From this theorem, we observe that

  • Only the product of regularization hyperparameters impacts the regularity of the solution.

  • The sum of columnwise regularization on the factor matrices in the explicit formulation becomes a product of regularizations in the implicit formulation, yielding group-sparsity on the rank-one components.

  • At optimality, the scales of the components must satisfy the balancing condition \(p_i\mu_ig_i(X_i^{\ast}[:,q])=\beta_q\). This means, in particular, that LRA models regularized with homogeneous functions do not suffer from scale ambiguity.

Special cases with \(\ell_1\) and \(\ell_2\) regularizations#

To make our main result Theorem 12 more explicit, let us instantiate the implicit HRSI formulation and the optimal scales for a couple of classical problems in rLRA. Based on the observation that only the product of regularization hyperparameters matters, the same regularization hyperparameter is used for all factor matrices.

Ridge-regularized nonnegative CPD#

Define the ridge nCPD formally as the optimization problem

\[ \argmin{X_i\geq 0} \| \mathcal{T} - \mathcal{I}_r \times_1 X_1 \times_2 X_2 \times_3 X_3 \|^2_F + \mu \left(\|X_1\|_F^2 + \|X_2\|_F^2 + \|X_3\|_F^2\right). \]

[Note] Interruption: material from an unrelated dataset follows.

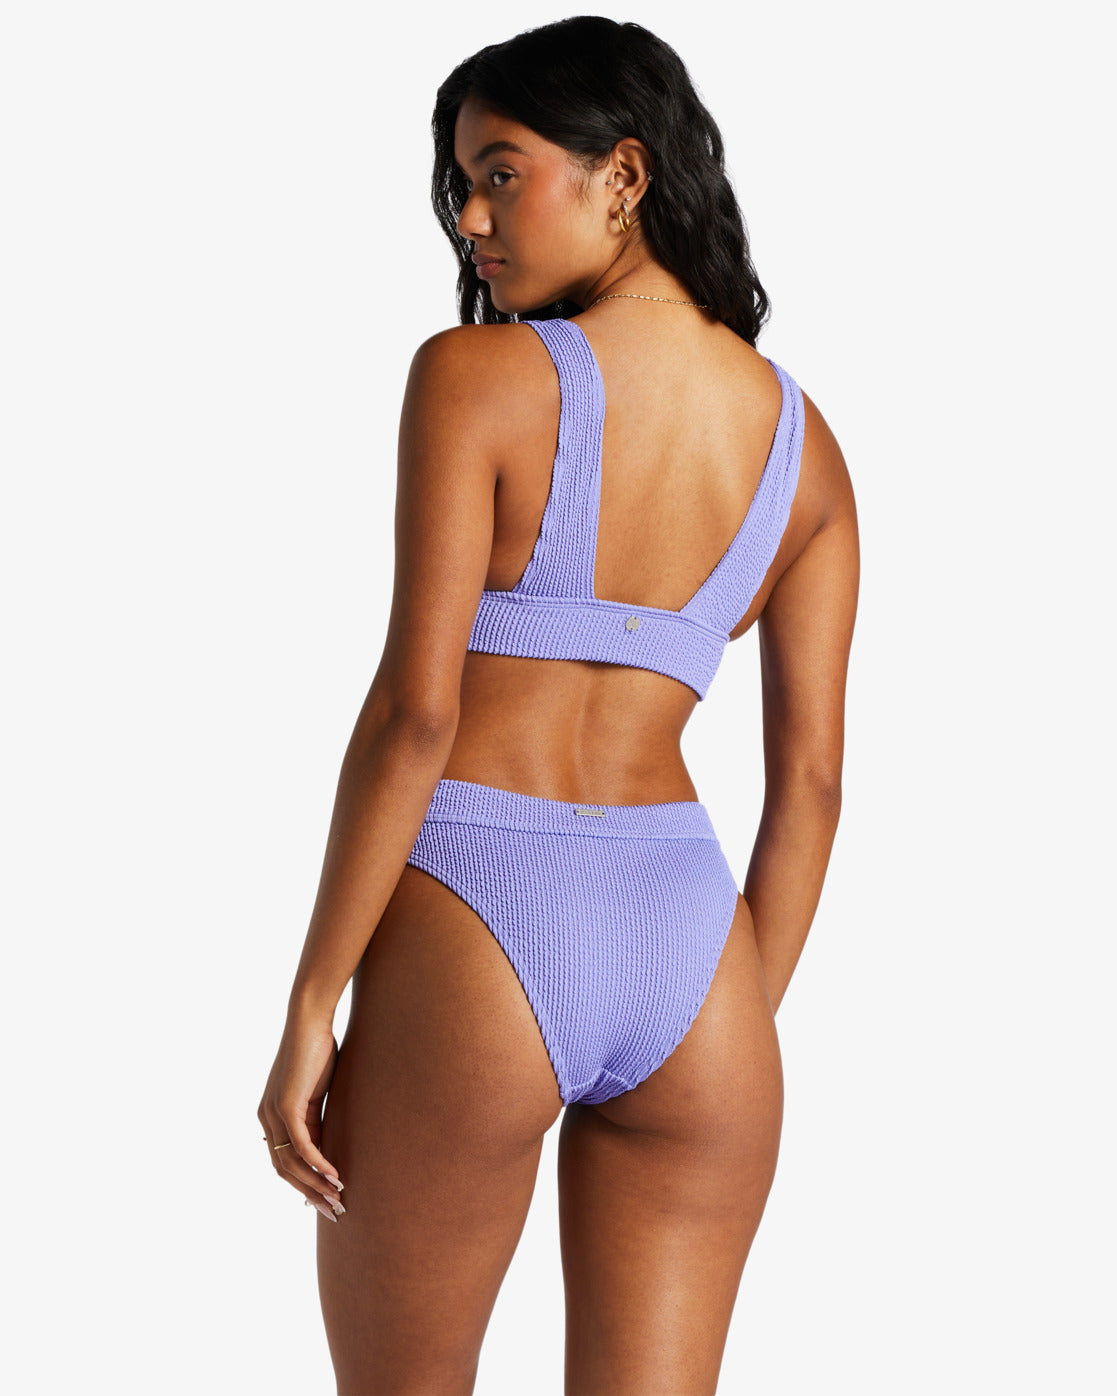 Summer High Maui Rider - Medium Coverage Bikini Bottoms for Women
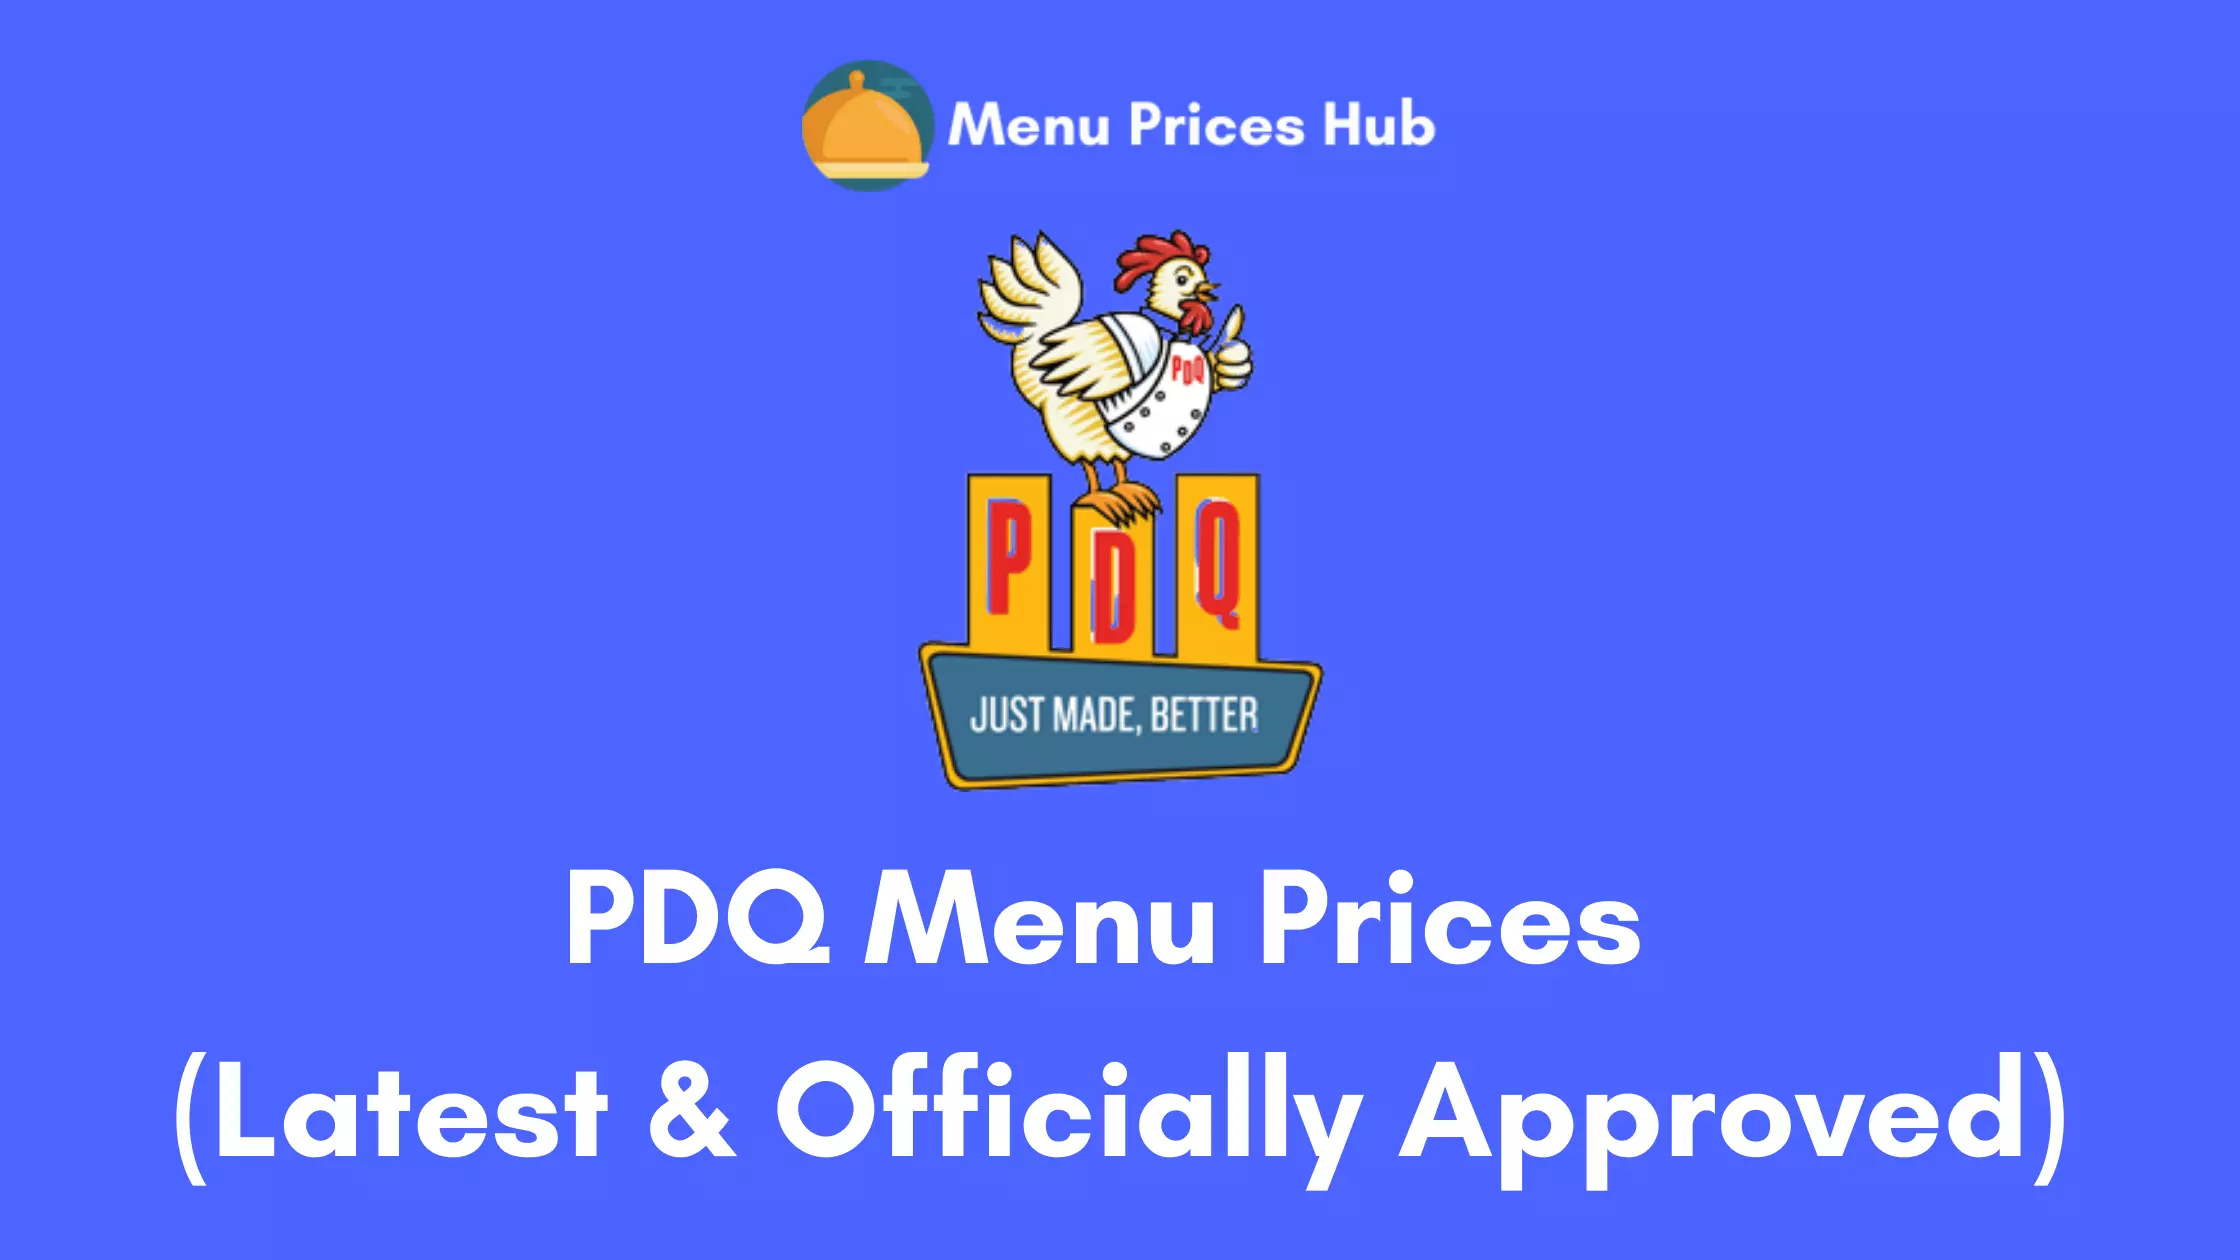 PDQ Menu Prices

The implicit HRSI problem shows that ridge-regularization yields a componentwise group-sparsity implicit regularization,

\[ \argmin{\{\mathcal{L}_q\}_{q\leq r},~\text{rank}(\mathcal{L}_q)\leq 1} \|\mathcal{T} -\sum_{q=1}^{r} \mathcal{L}_q \|_F^2 + 3\mu \sum_{q=1}^{r} \|\mathcal{L}_q\|_F^{\frac{2}{3}} \]

where tensors \(\mathcal{L}_q\) are rank-one tensors \(X_1[:,q]\otimes X_2[:,q] \otimes X_3[:,q]\). We experimentally validate in the experiments subsection that tuning the regularization hyperparameter \(\mu\) indeed helps us to select the rank of the nCPD factorization automatically. Moreover, the optimal solution of ridge nCPD verifies the balancing equation

\[ 1 = \sqrt{2} \|X^\ast_i[:,q]\|_2^{-\frac{1}{3}}\prod_{j\neq i}\|X^\ast_j[:,q]\|_2^{\frac{2}{3}} .\]

This balancing identity will be used in the experiments subsection to refine the iterations of an iterative optimization algorithm to solve ridge nCPD.

Sparse NMF L1-L1#

Another interesting case of an implicit regularization effect concerns the (double) sparse NMF model

\[\argmin{X_1\geq 0, X_2\geq 0} \|M - X_1X_2^T\|_F^2 + \mu \left( \|X_1\|_1 + \|X_2\|_1 \right). \]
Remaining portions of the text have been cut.